21 agosto 2014: Contemplazione e studio
Il 7 agosto scorso, scrivendo del mio amore per la flora alpina, ho accennato al piacere che provo quando, osservando quei bellissimi fiori, compio qualche modesta ricerca che non ha alcuna pretesa scientifica. In questi giorni leggo le Passeggiate solitarie di Rousseau per il commento che sto scrivendo al testo di Charles Clément sul Poussin paesaggista (1850). Leggendo, per la prima volta, questo avvincente testo mi sono imbattuto in un passo in cui il filosofo francese parla della sua passione per la botanica. I suoi sentimenti sono i miei, per cui trascrivo volentieri le appropriate e pertinenti parole di Rousseau,
“Vividi fiori, brillio dei prati, fresche ombrie, ruscelli, boschetti, verzura, venite a purificare la mia immaginazione! La mia anima, morta a tutt’i grandi moti, non riesce a commuoversi che agli oggetti sensibili; non ho ormai altro che sensazioni, e soltanto traverso queste la pena o il piacere possono toccarmi, qui sulla terra.
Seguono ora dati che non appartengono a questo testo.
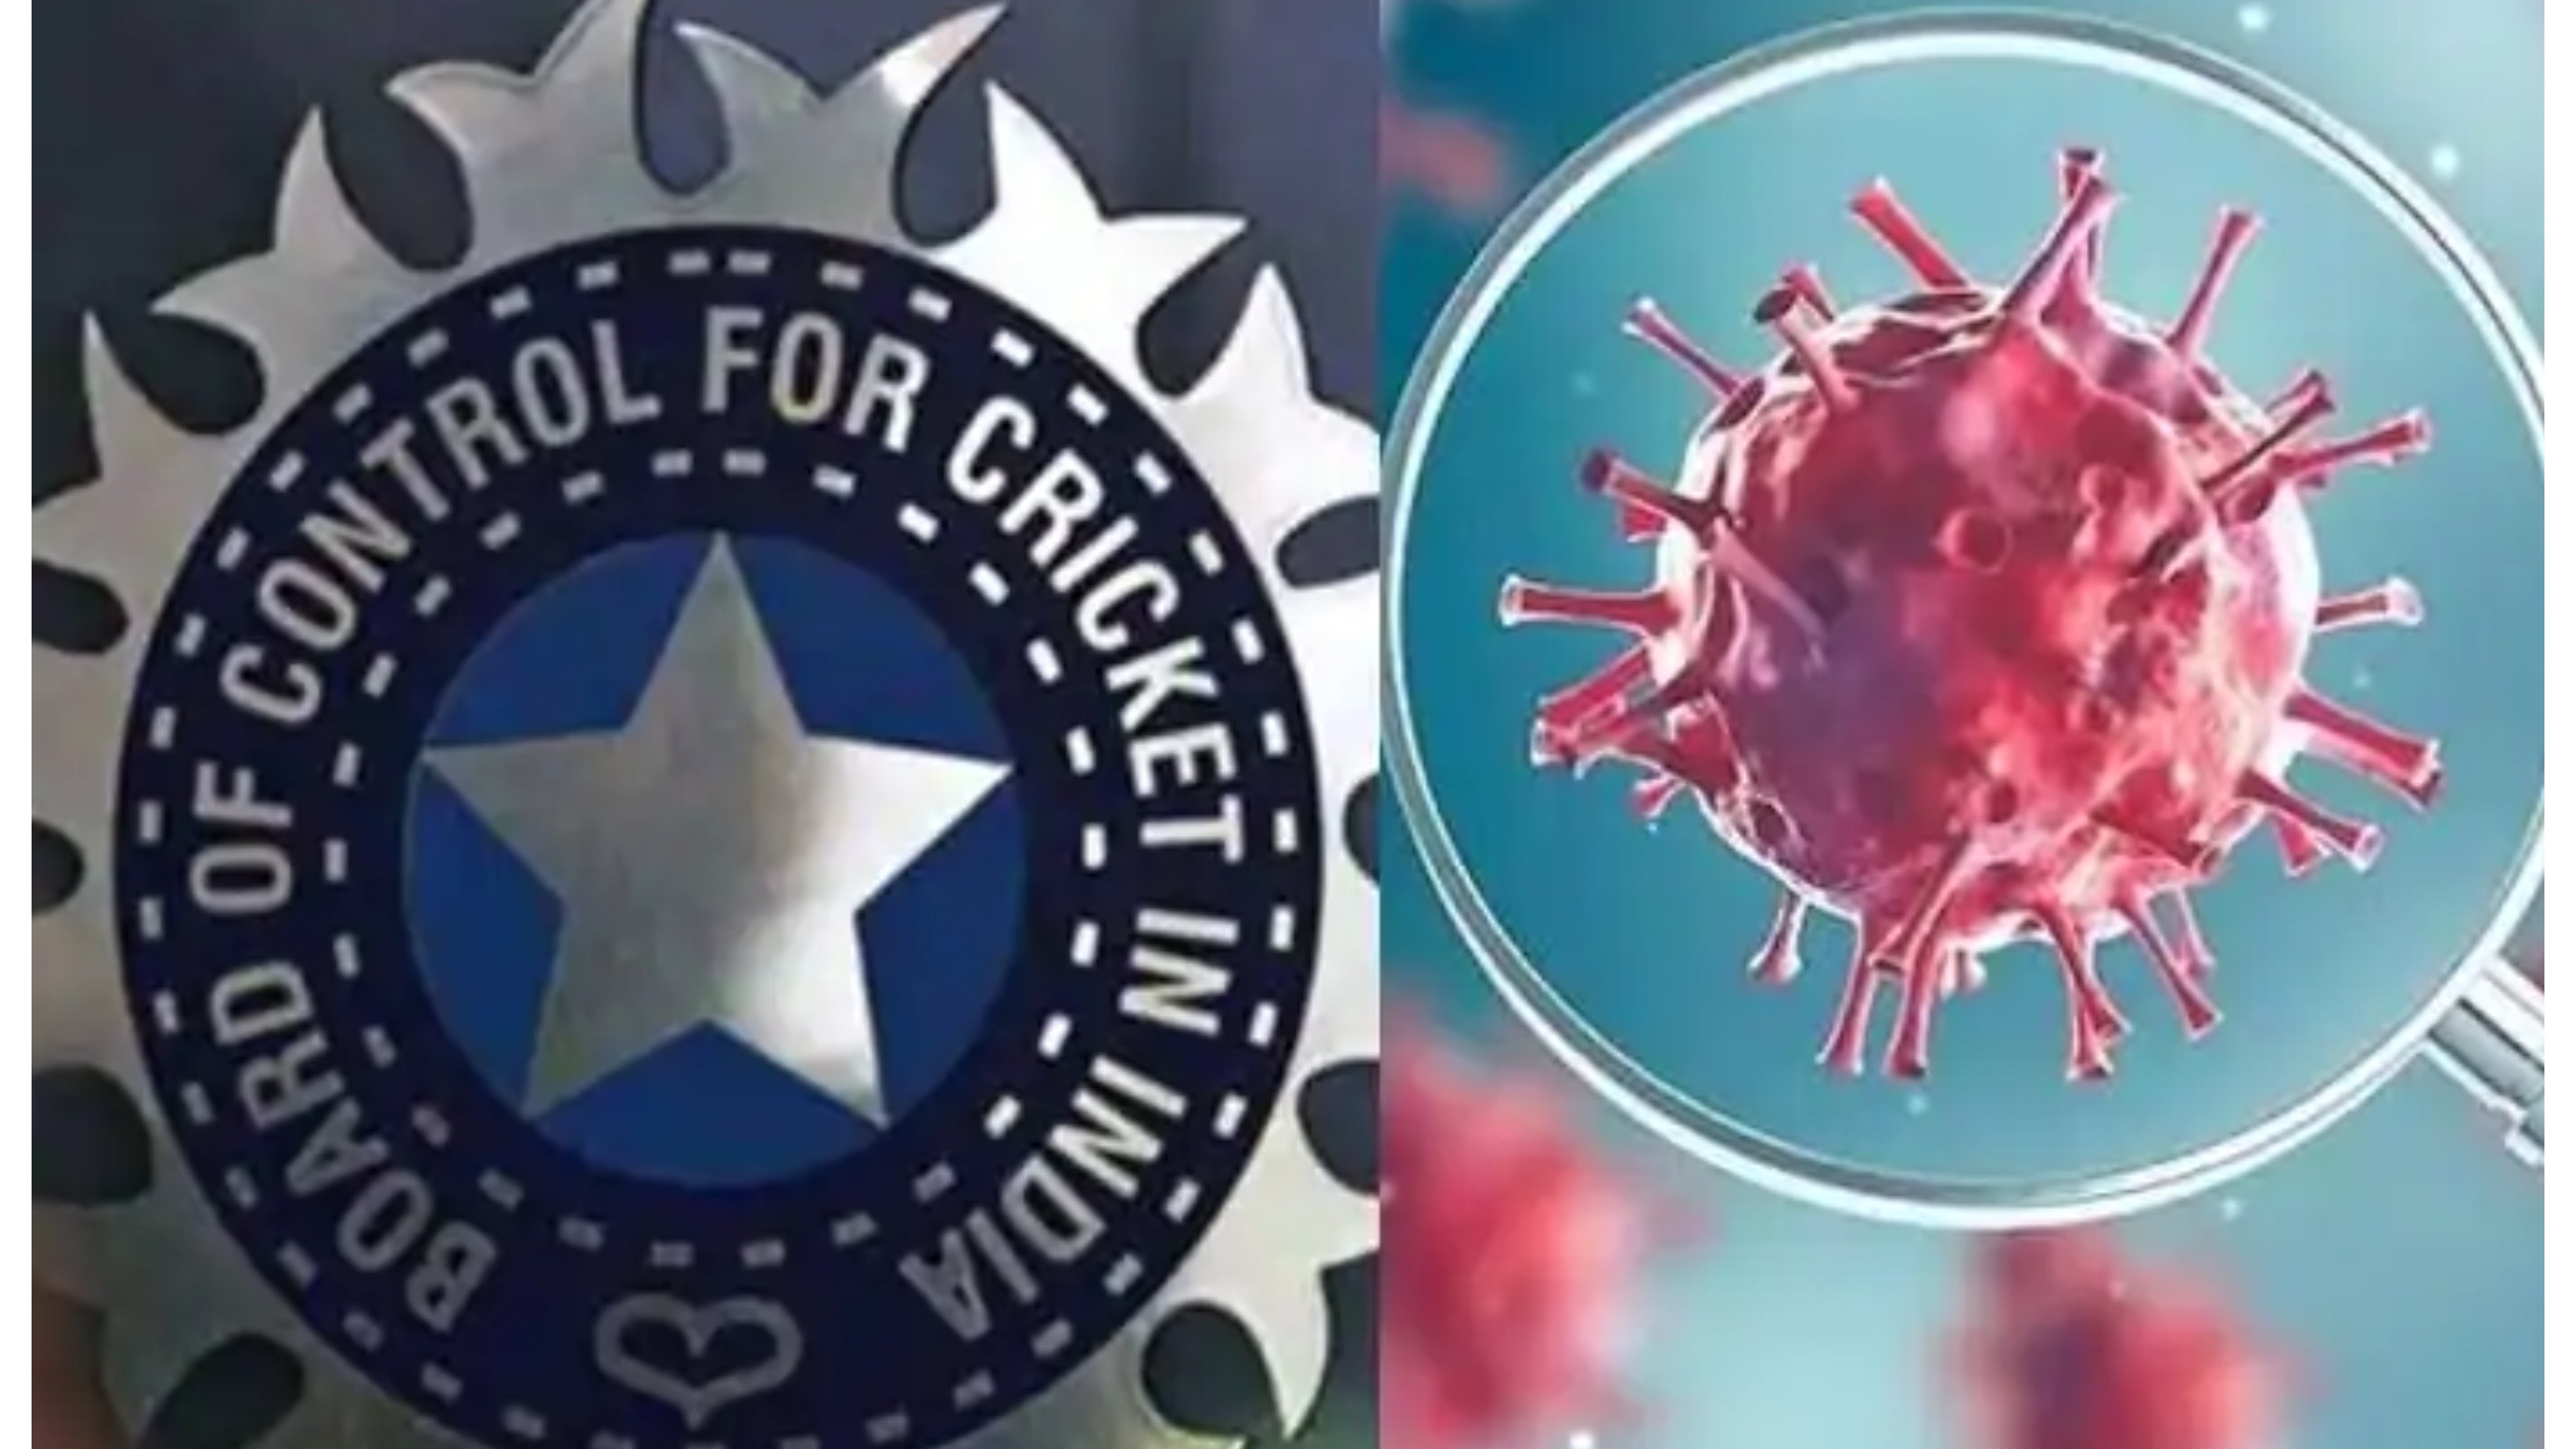 IPL 2020: One member of BCCI’s medical team tests positive for COVID-19 in UAE, claims report

Attirato dai ridenti oggetti che mi circondano, li considero, li contemplo, li paragono, imparo infine a classificarli, ed eccomi a un tratto botanico quel tanto che ha bisogno di esserlo colui che non vuole studiare la natura se non per trovare senza tregua nuovi motivi di amarla. Non cerco affatto d’istruirmi: ormai è troppo tardi. D’altronde, non ho mai veduto che molta scienza contribuisca a una vita felice; ma cerco di offrirmi svaghi miti e semplici, che possa gustare senza fatica e che mi distraggano dalle sventure […]. Vi ha in quest’oziosa occupazione un incanto che non si sente se non nella completa calma delle passioni, ma che allora basta da solo a rendere la vita dolce e felice; non appena vi si mescoli un motivo d’interesse o di vanità, sia per occupare dei posti sia per fare dei libri, non appena non si voglia imparare che per istuire, non appena si vada a erbe per diventare autore o professore, tutto quel dolce incanto svanisce, non si vedono nelle piante che gli strumenti delle nostre passioni, non si trova nessun vero piacere nel loro studio, non si vuole sapere ma mostrare che si sa, e nei boschi non ci si trova che sul teatro del mondo, occupati nella cura di farcisi ammirare” (Passeggiate solitarie, settima passeggiata, in Opere, a cura di Paolo Rossi, Firenze, Sansoni, 1972, pp. 1361-1362).
Quello che Rousseau dice a proposito della sua passione per le piante, per me vale anche per la passione e lo studio della pittura.